The situation is even worse for H-2 unskilled workers because they are on non-immigrant visas, which means that they can't apply for green cards. Hence, often they end up staying in the country illegally, which makes them even more subject to employer abuse.

In the case of H-1Bs, the logical and humane fix would be to affix these visas to employees not employers (which would make them portable across jobs) and to remove the annual country-cap on green cards to expedite the permanent residency process. Likewise, the solution to H-2 abuse would be to not only make these visas portable but also convert them to immigrant visas so that low skilled foreign workers too could apply for green cards, just like high-skilled workers.

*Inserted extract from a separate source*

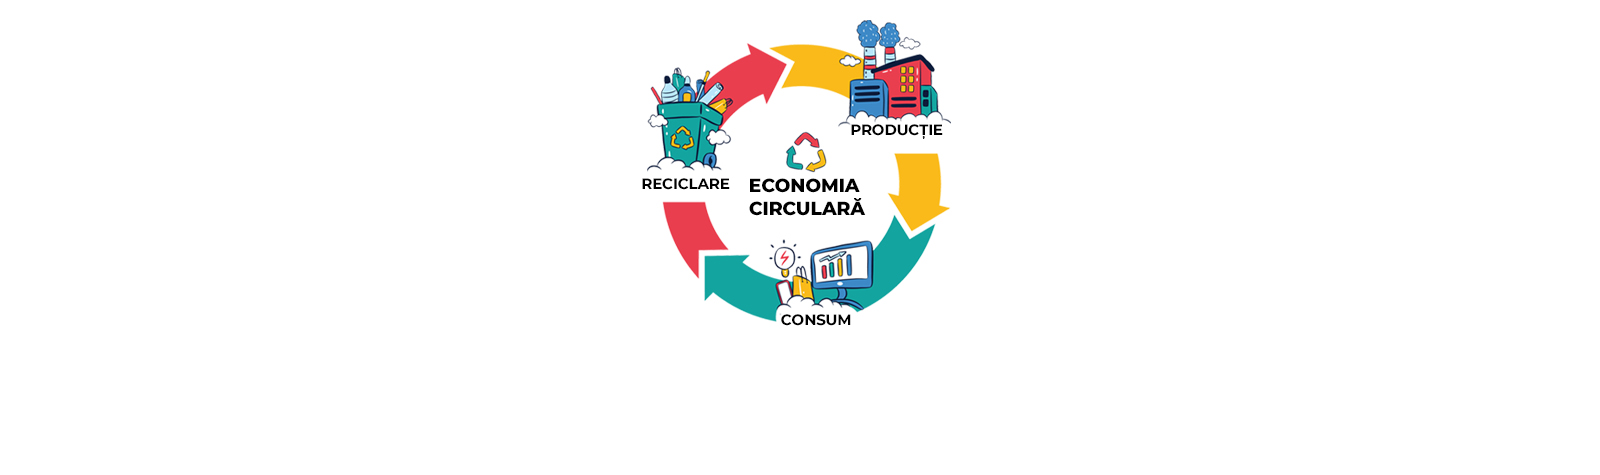 Beneficiile economiei circulare pentru mediu și societate

But to equate these visas with slavery or servitude is to torture a metaphor till it loses all meaning. And to demand their elimination is to pile injustice on top of abuse and call it principle.

The essence of slavery is to expropriate a worker's labor against his will. This means reducing his work options to just one from which he can neither quit nor switch. But guest worker visas do the opposite of slavery: They give workers more options. And having more options, even bad and suboptimal ones, is always better than having fewer options. Indeed, the only reason that foreign workers would put up with a bad work situation in the United States given that they can always quit is that their alternatives at home are even worse.

By all means, well-meaning people interested in justice and liberty ought to push policies to empower these workers, improve the trade offs that they confront, so that they don't have to put up with abuse. But taking away their existing options is to offer a cure worse than the disease.

The jihad against guest worker programs is ultimately about labor protectionism — no matter how much Republicans and Democrats try and dress it up in the language of human rights.